Squares

I know a lot of squares reflexively, by association rather than calculation, but the upper limit varies. When I wrote Powers of N, the limit was 27; but right now it's 32, since I happen to know 28² = 784, and the rest are easy. With a quick review I can push the limit up to 41, and with only a bit of effort I can push it to 50 or 55. That's a fairly recent development, though, helped along by learning the products up to 2100. Only the prime squares count as true products, but the other squares are useful as reference points; for example, 41×43 = 42²−1.

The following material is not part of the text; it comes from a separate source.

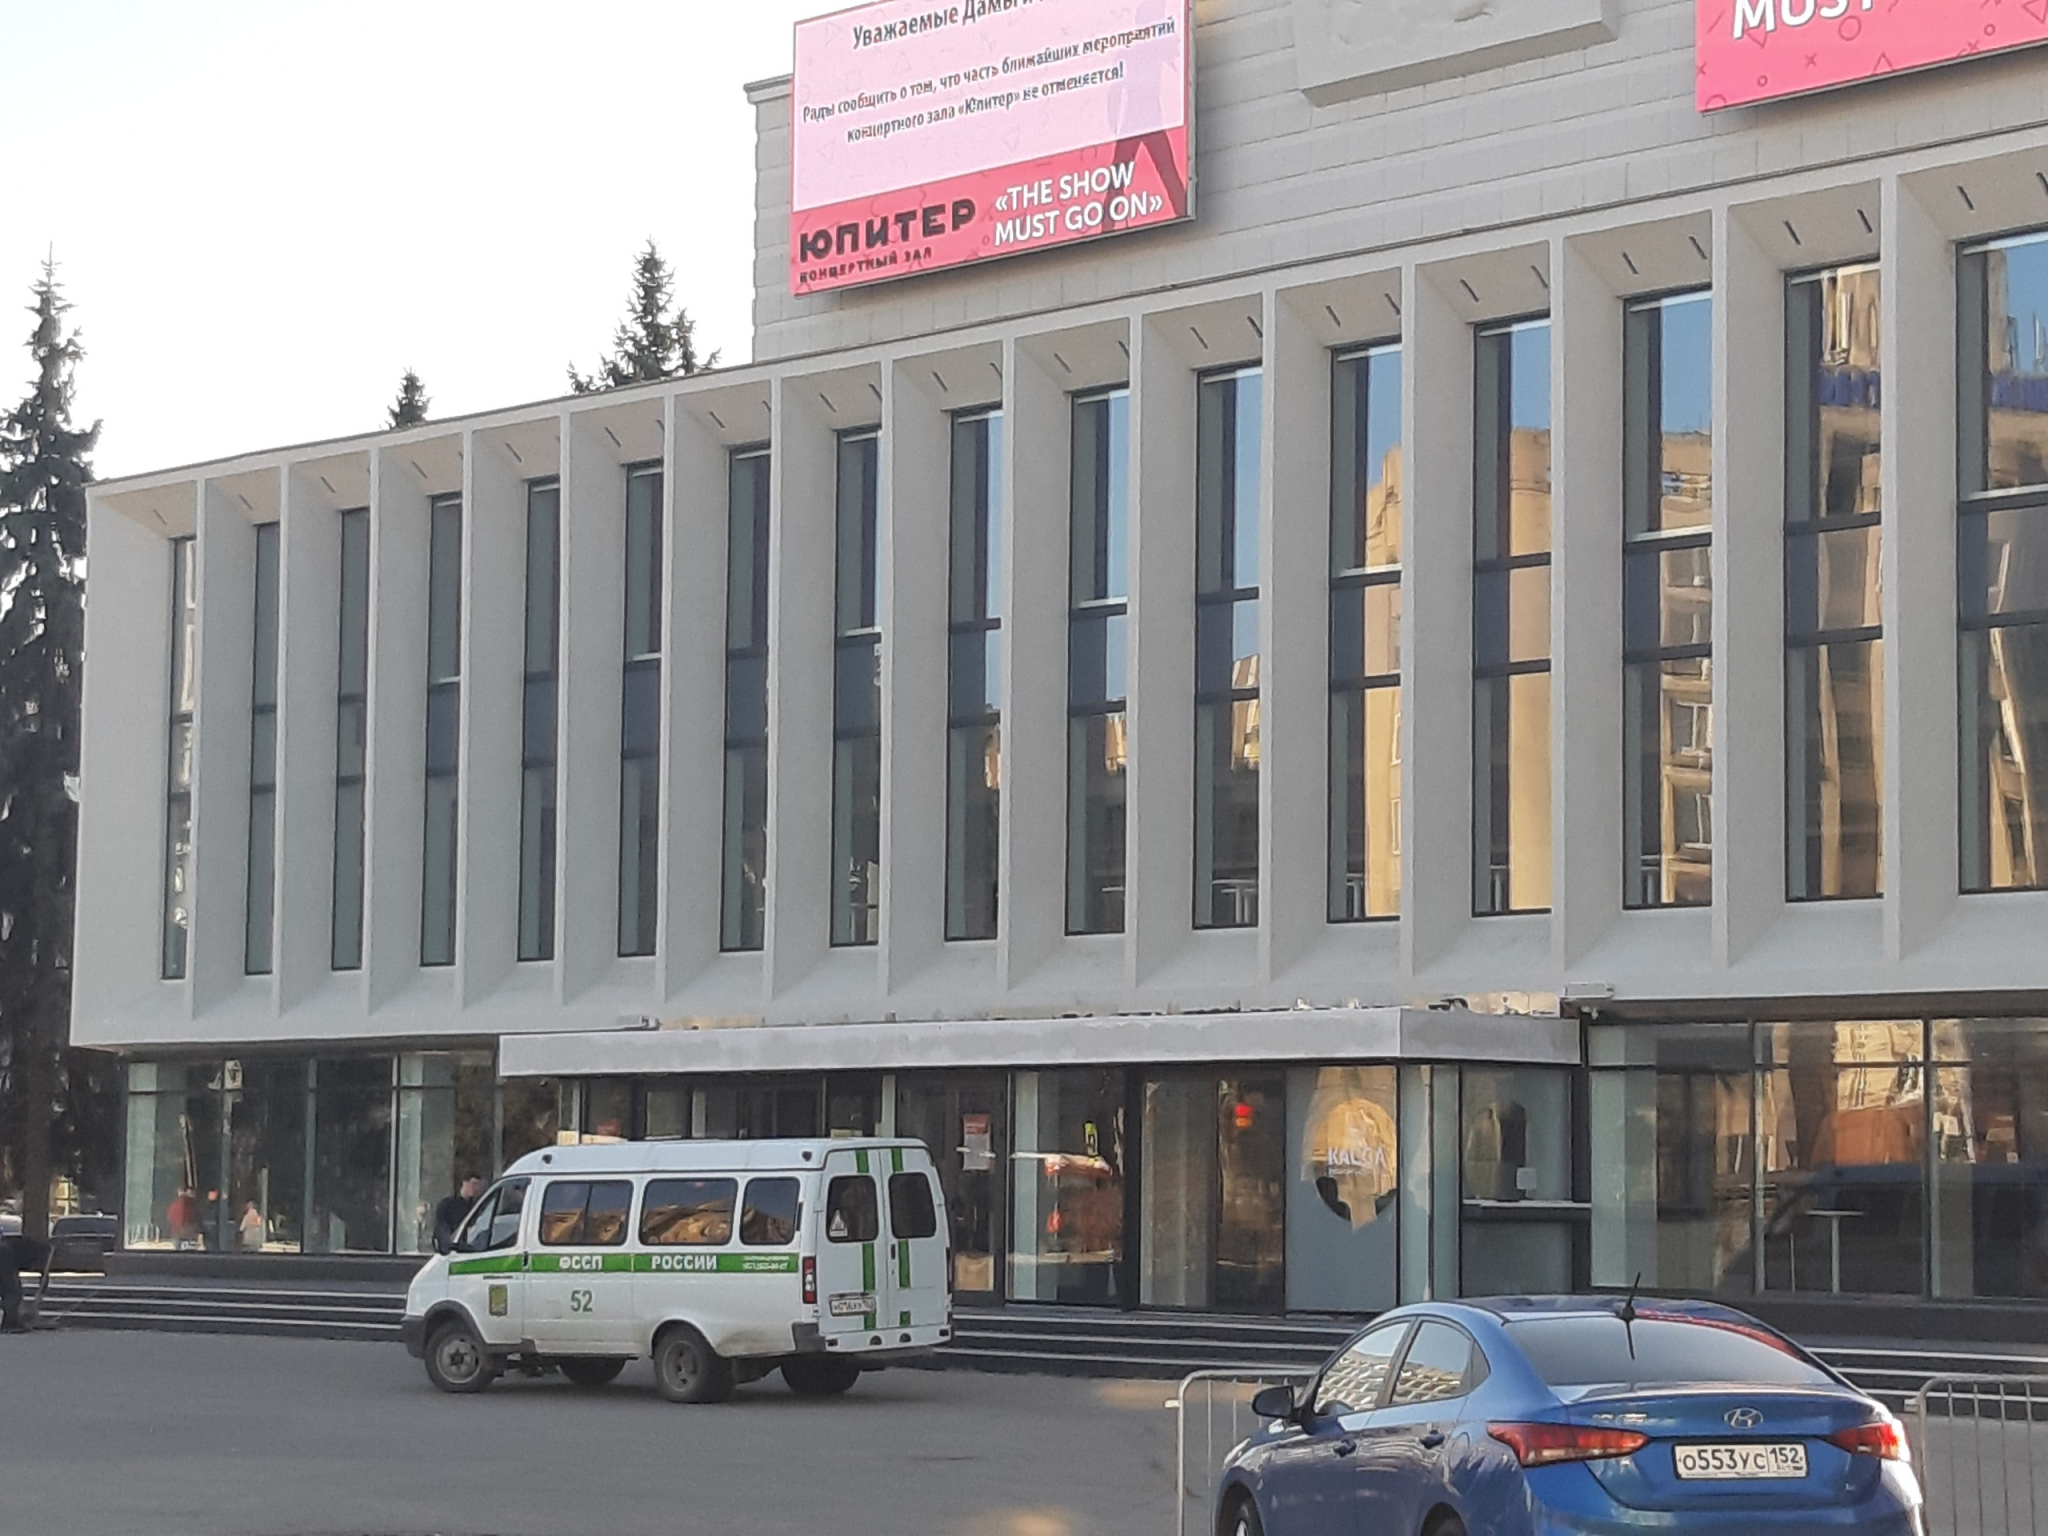 Прощай, «Аська»: у концертного зала «Юпитер» в Нижнем Новгороде снесли фонтан

Anyway, here's a table of all the squares I'm interested in.

0	0			50	2500
1	1	49	2401	51	2601
2	4	48	2304	52	2704
3	9	47	2209	53	2809
4	16	46	2116	54	2916
5	25	45	2025	55	3025
6	36	44	1936
7	49	43	1849
8	64	42	1764
9	81	41	1681
10	100	40	1600
11	121	39	1521
12	144	38	1444
13	169	37	1369
14	196	36	1296
15	225	35	1225
16	256	34	1156
17	289	33	1089
18	324	32	1024
19	361	31	961
20	400	30	900
21	441	29	841
22	484	28	784
23	529	27	729
24	576	26	676
		25	625

Now, here's a funny thing. As long as I can remember, I've known the squares 24² = 576 and 26² = 676; I found them memorable because by strange coincidence they had the same last digits. Yes, believe it or not, it wasn't until a year or two ago that I noticed the pattern.

(25+d)² = (25−d)² + 100d

As d approaches 25, 25+d starts to look more like 50−n.

(50−n)² = 2500 − 100n + n²

That's “another” pattern I'd never noticed, even though I've known about the striking number 49² = 7⁴ = 2401 essentially forever.

Finally, as you can see in the table, the pattern continues for numbers over 50.

(50+n)² = 2500 + 100n + n²

The whole thing is really just a consequence of two little facts: (−x)² = x², and (x+2m)² ≡ x² mod 4m.